Turmoil in the Church

MALTA
Times of Malta

Wednesday, August 27, 2014 by Martin Scicluna

It has been a great sadness to those who love the Maltese Church to see its dirty linen being exposed so ruthlessly to public gaze. While commentators – outsiders like me – have long spoken of the need for the Maltese Church to renew itself after the debacle of the divorce referendum, those who have been at the forefront of working within the Church to save it from itself have previously held their counsel. As they should.

Loyalty to any leader or organisation is an essential quality. Loyalty should flow upwards to a leader, as well as downwards to subordinates. This does not mean that members of an organisation (including the Church) should not express their views clearly and frankly within it. But when a decision has been reached – even a decision to do nothing – it should be fully supported and public criticism should not then follow. Internal dissent properly expressed is all part of the clash of ideas that are healthy in an organisation. Public dissent that undermines the leadership, however, is destructive and self-defeating.
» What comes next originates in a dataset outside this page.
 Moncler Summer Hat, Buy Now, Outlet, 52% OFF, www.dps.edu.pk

For reasons best known to him, one priest, who is also, like me, a commentator on the public scene, felt it incumbent, “as an act of conscience”, to state publicly what most who have been following the Maltese Church for the last few years were well aware of: that the Archbishop was not giving the Church the leadership it desperately needed.
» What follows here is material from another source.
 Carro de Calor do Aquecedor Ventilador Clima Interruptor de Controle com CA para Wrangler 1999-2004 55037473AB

This public act of disloyalty – albeit no doubt well-intentioned – led inevitably to a passionate response from a most respected academic close to the Church, accusing the priest and others of “crucifying” the Archbishop (for English speakers, the word “crucify” here is translated from the Maltese, meaning “dragging the Archbishop through the dirt”). Moreover, he accused the priest who had first broken the story of being driven by local politics: an old-fashioned Nationalist Party agenda which placed him at loggerheads with the Archbishop’s (correct) non-political stance on public issues.